--- Source data Enclosed Below ---

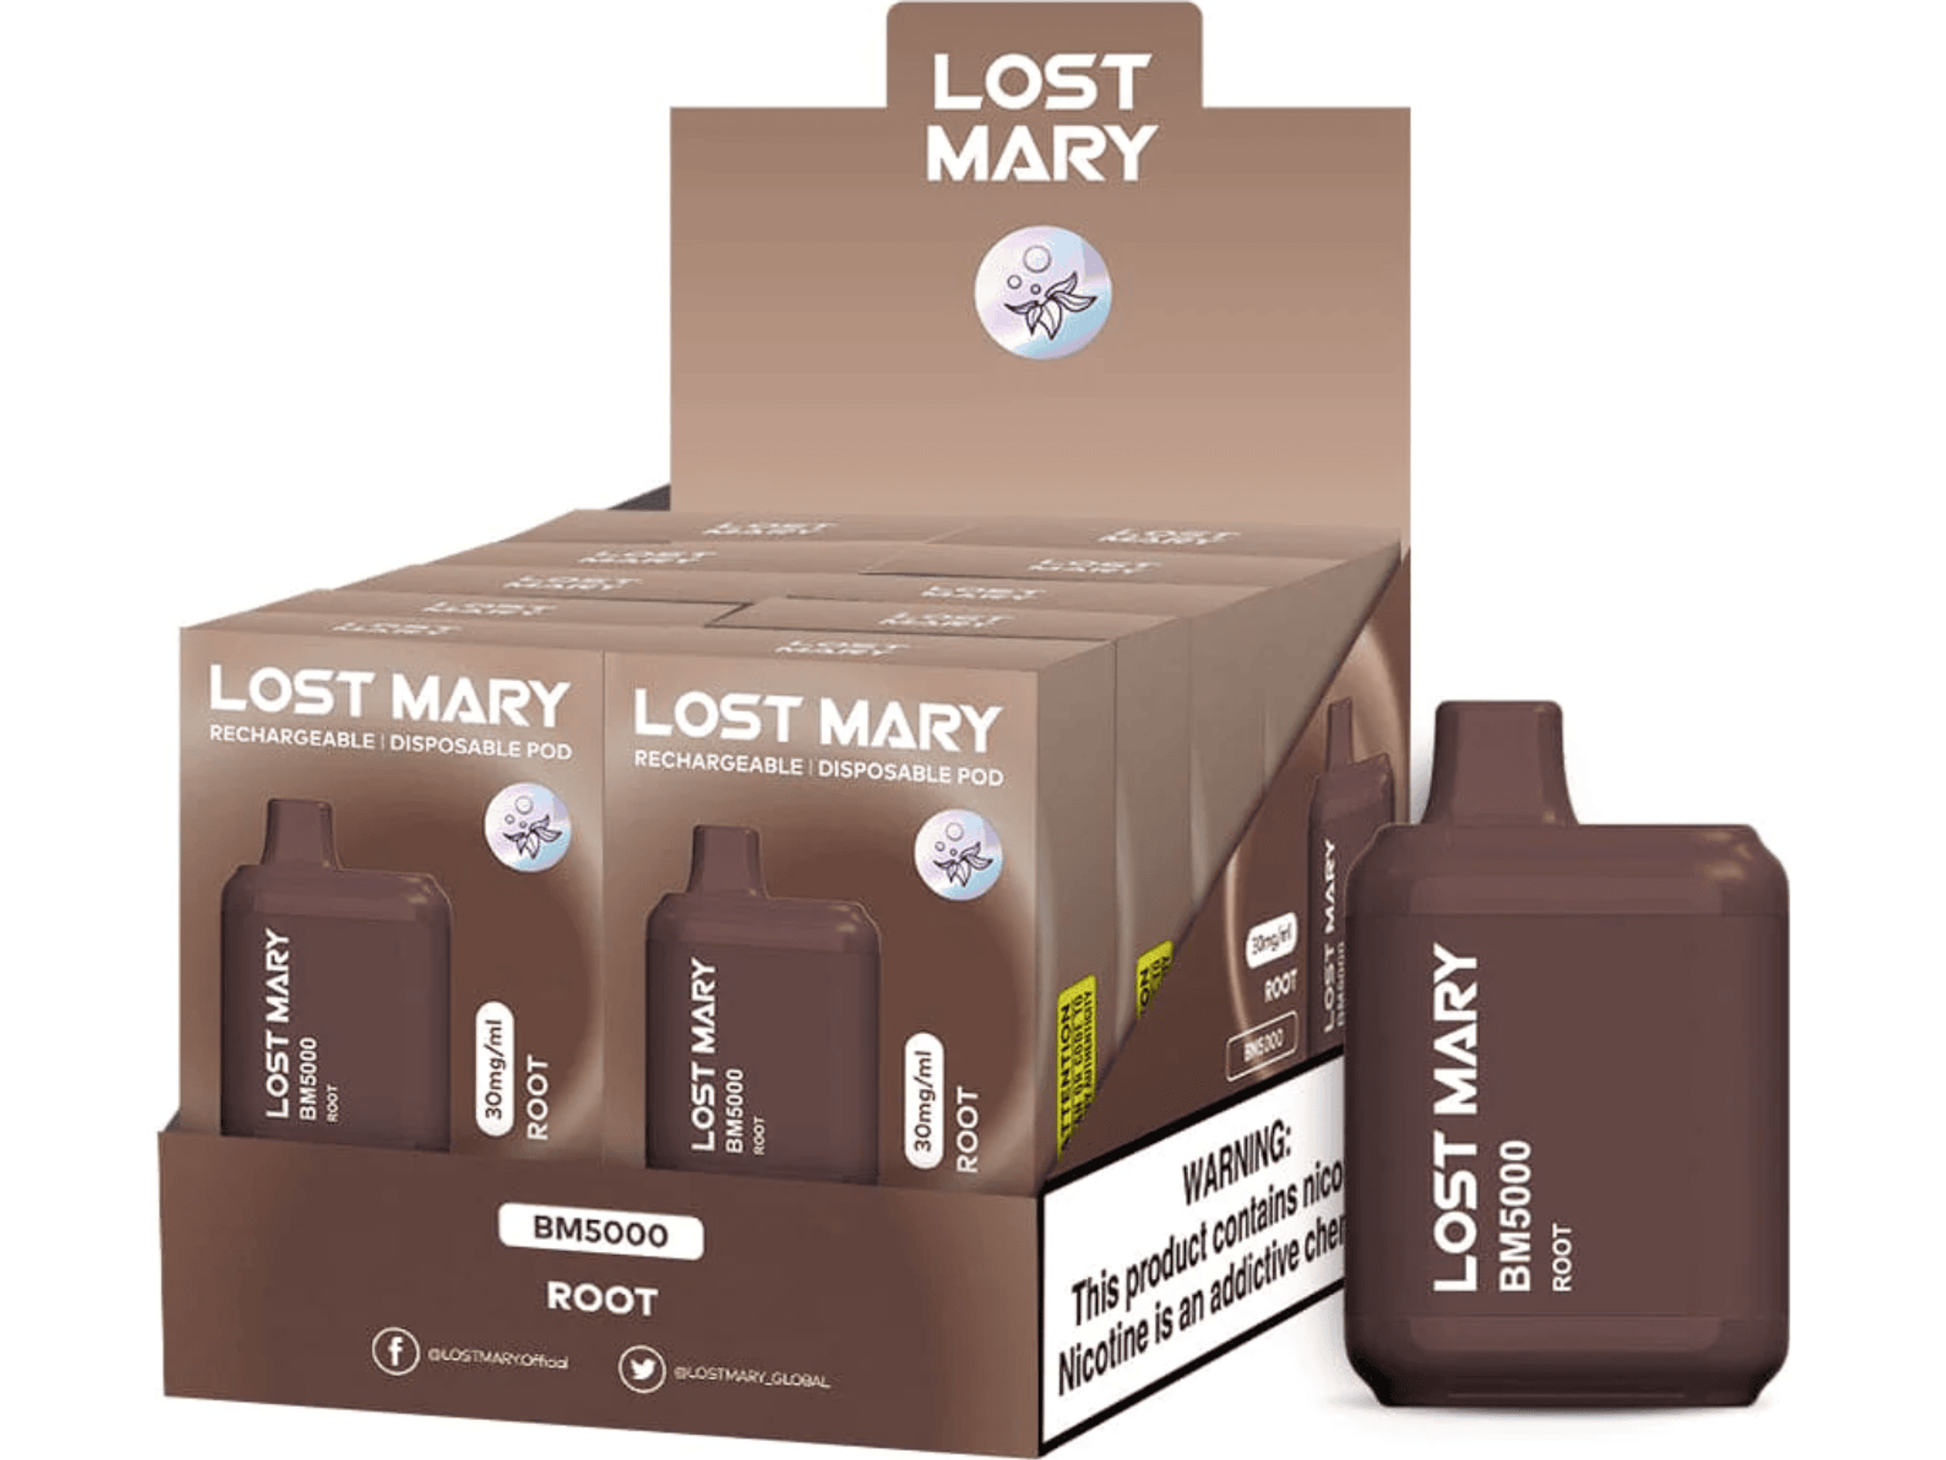 Lost Mary BM5000 Root flavored disposable vape device and box.
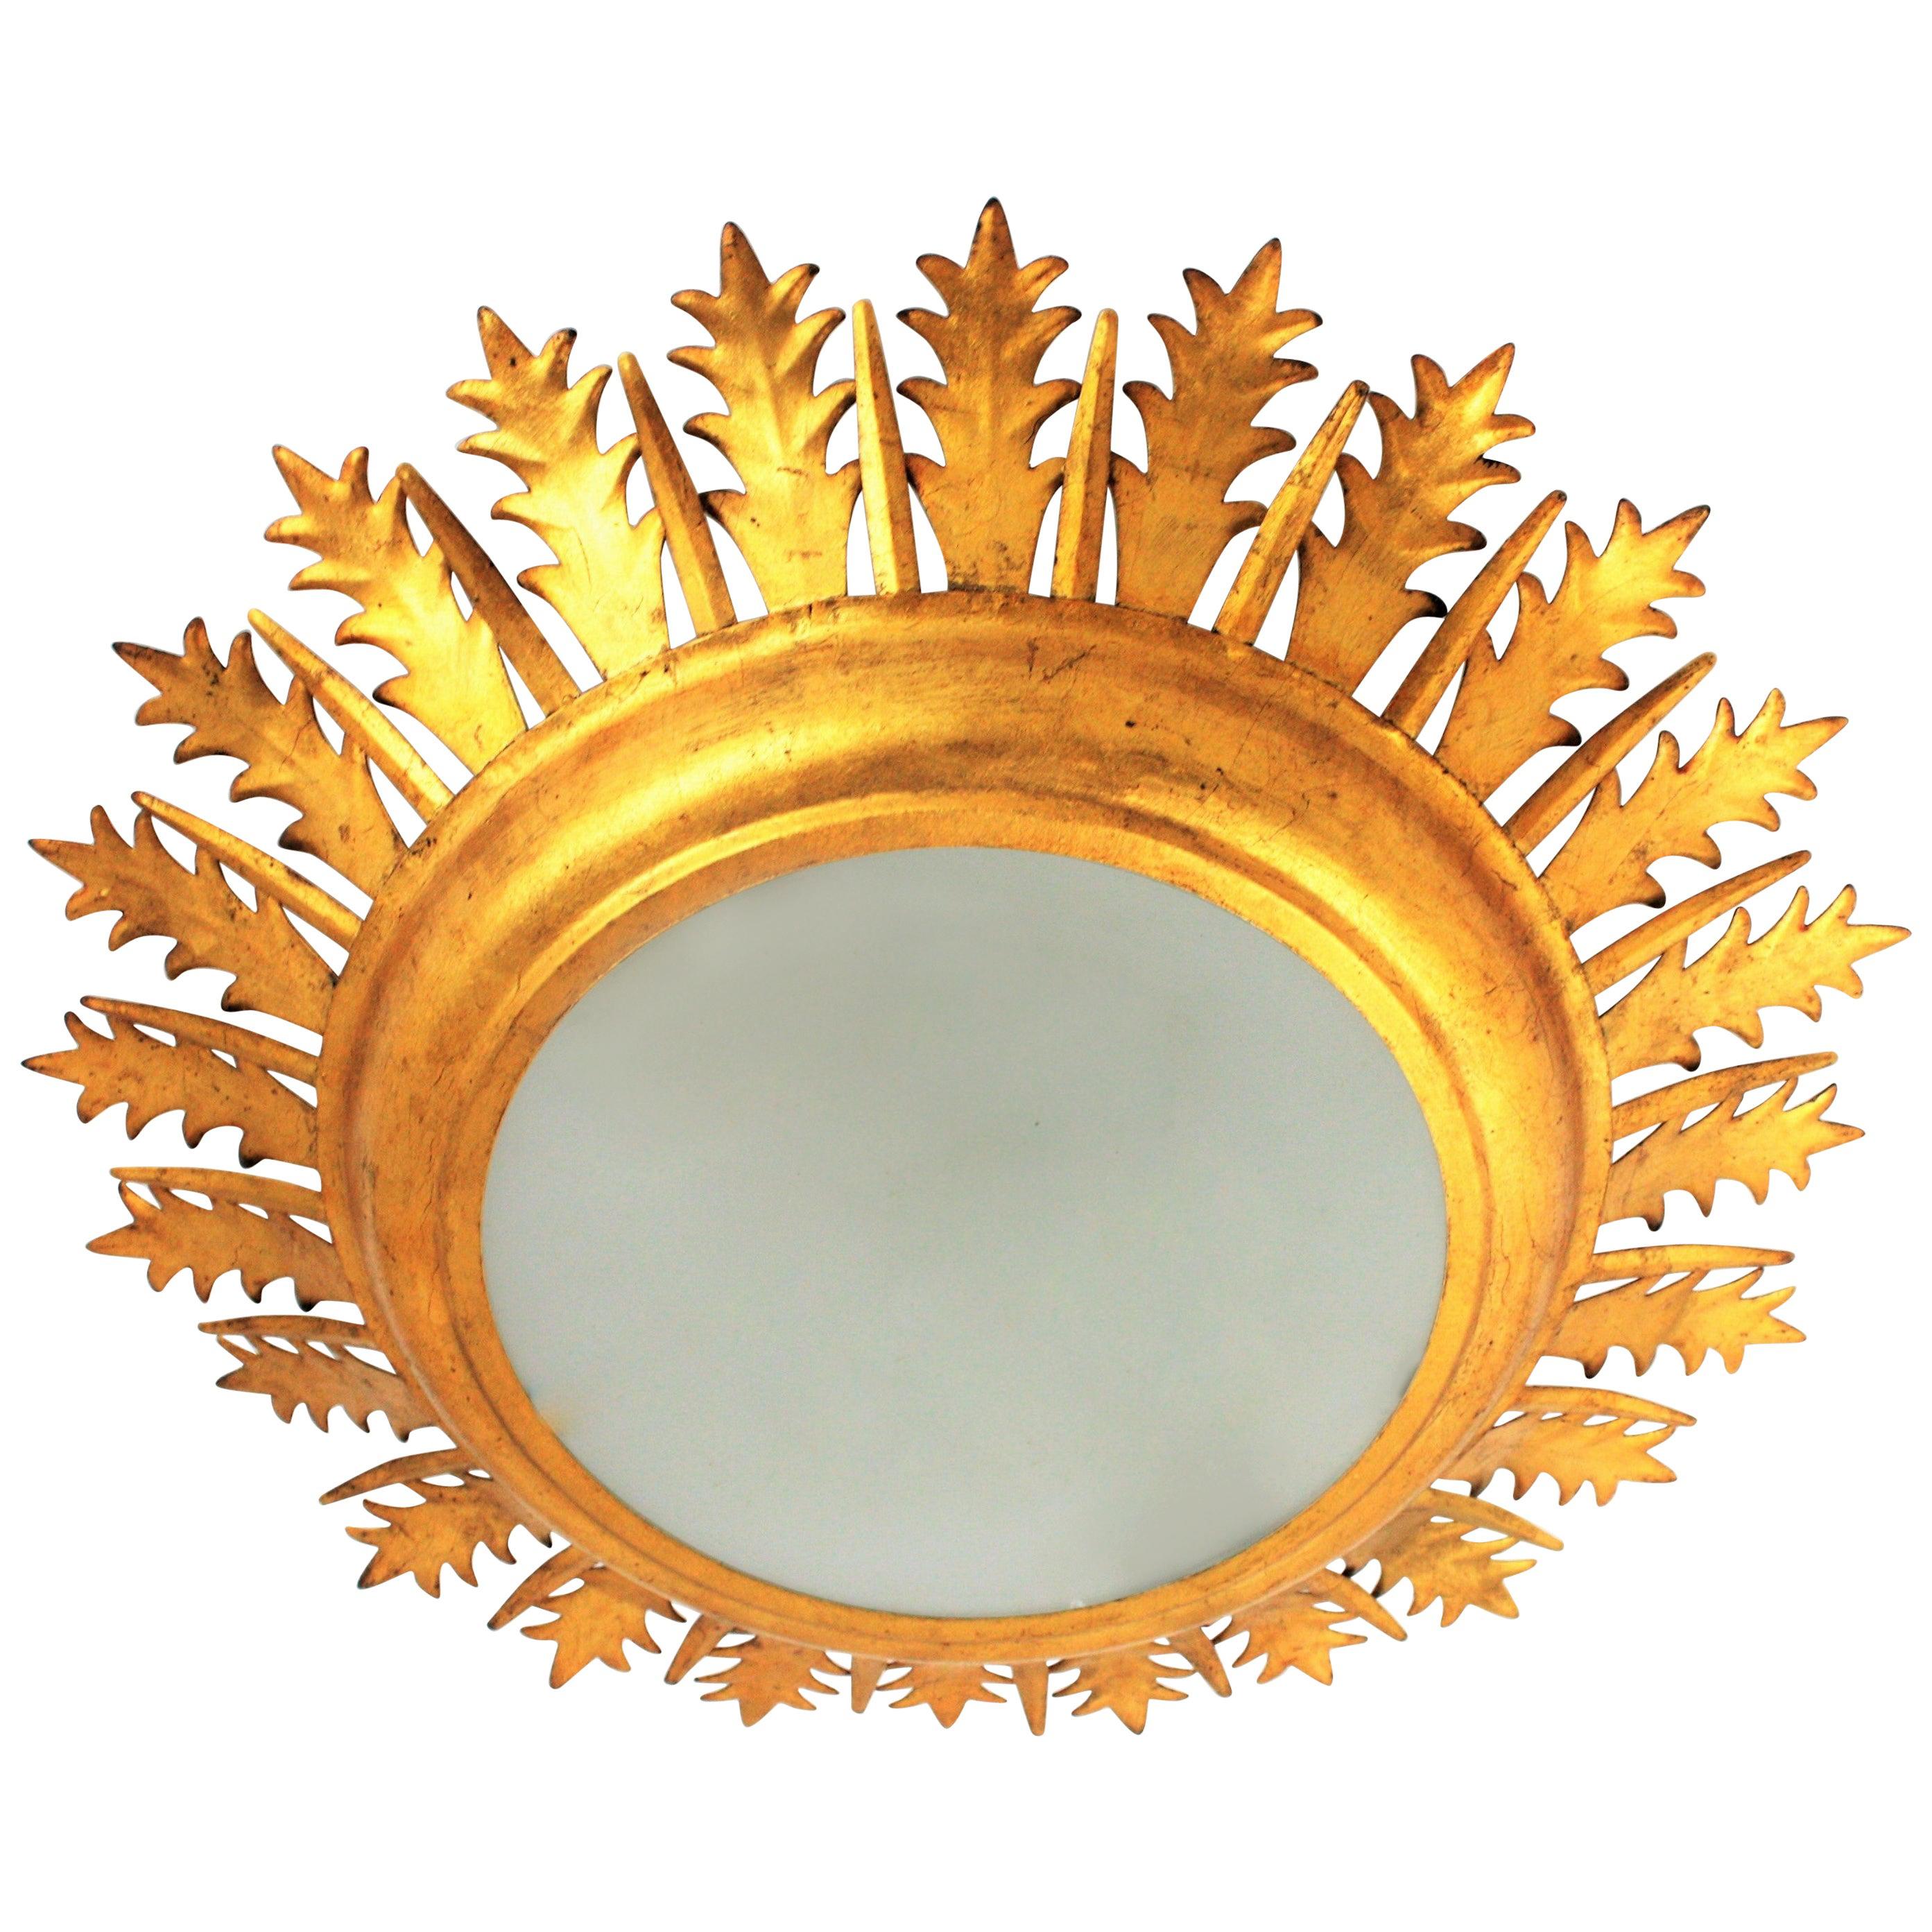 Extra Large Gilt Iron Crown Sunburst Ceiling Light Fixture with Frosted Glass
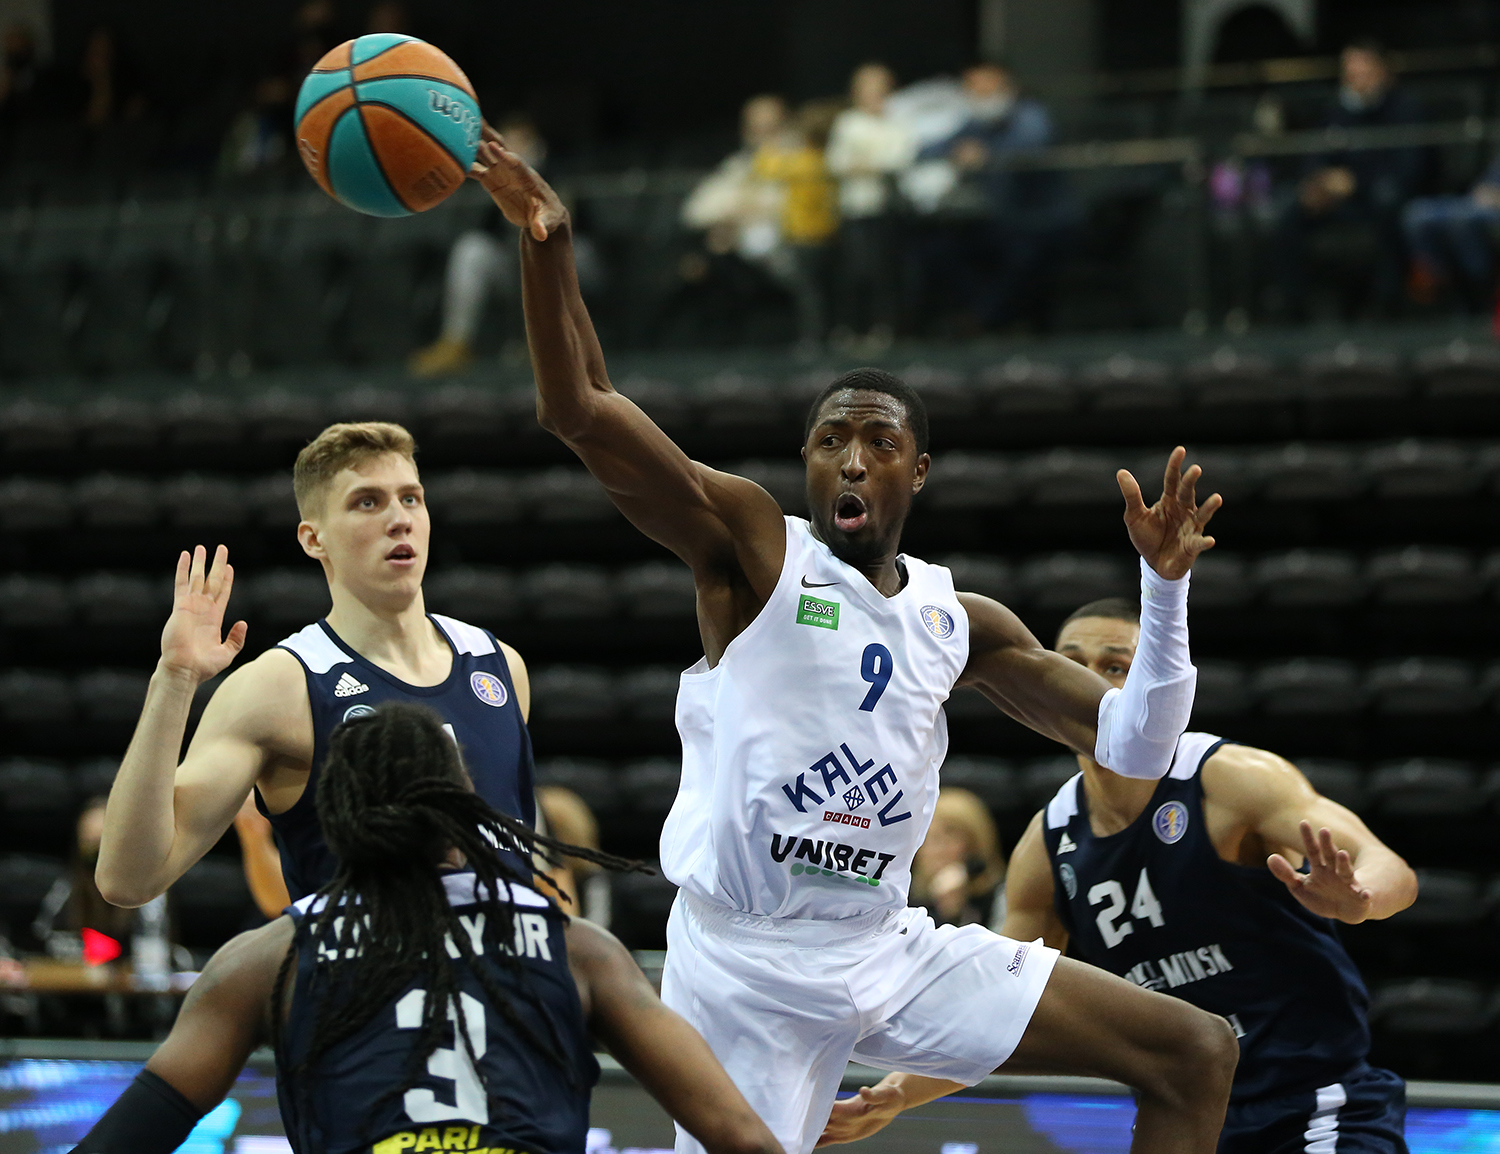 Kalev take first away victory of the season in Minsk
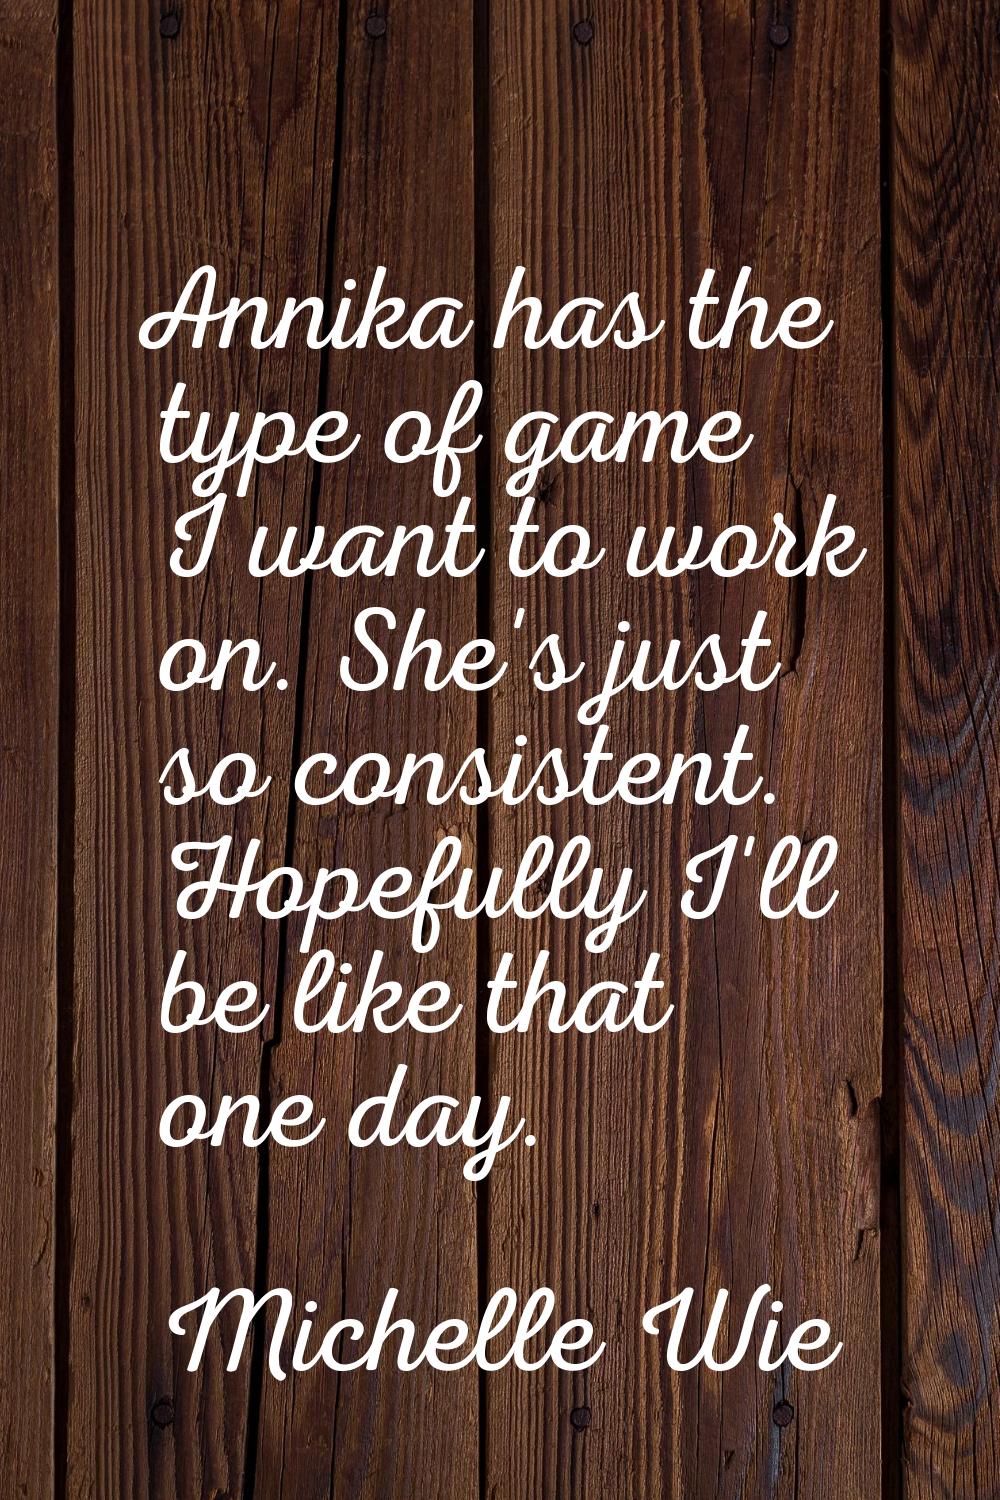 Annika has the type of game I want to work on. She's just so consistent. Hopefully I'll be like tha

--- End of Enclosed Source data ---

__Problem to solve__:
Line by line, write out the material above exactly, with no images.

__Output of the task__:
 Lost Mary BM5000 Root flavored disposable vape device and box.
 Extra Large Gilt Iron Crown Sunburst Ceiling Light Fixture with Frosted Glass
 Kalev take first away victory of the season in Minsk
 Annika has the type of game I want to work on. She's just so consistent. Hopefully I'll be like tha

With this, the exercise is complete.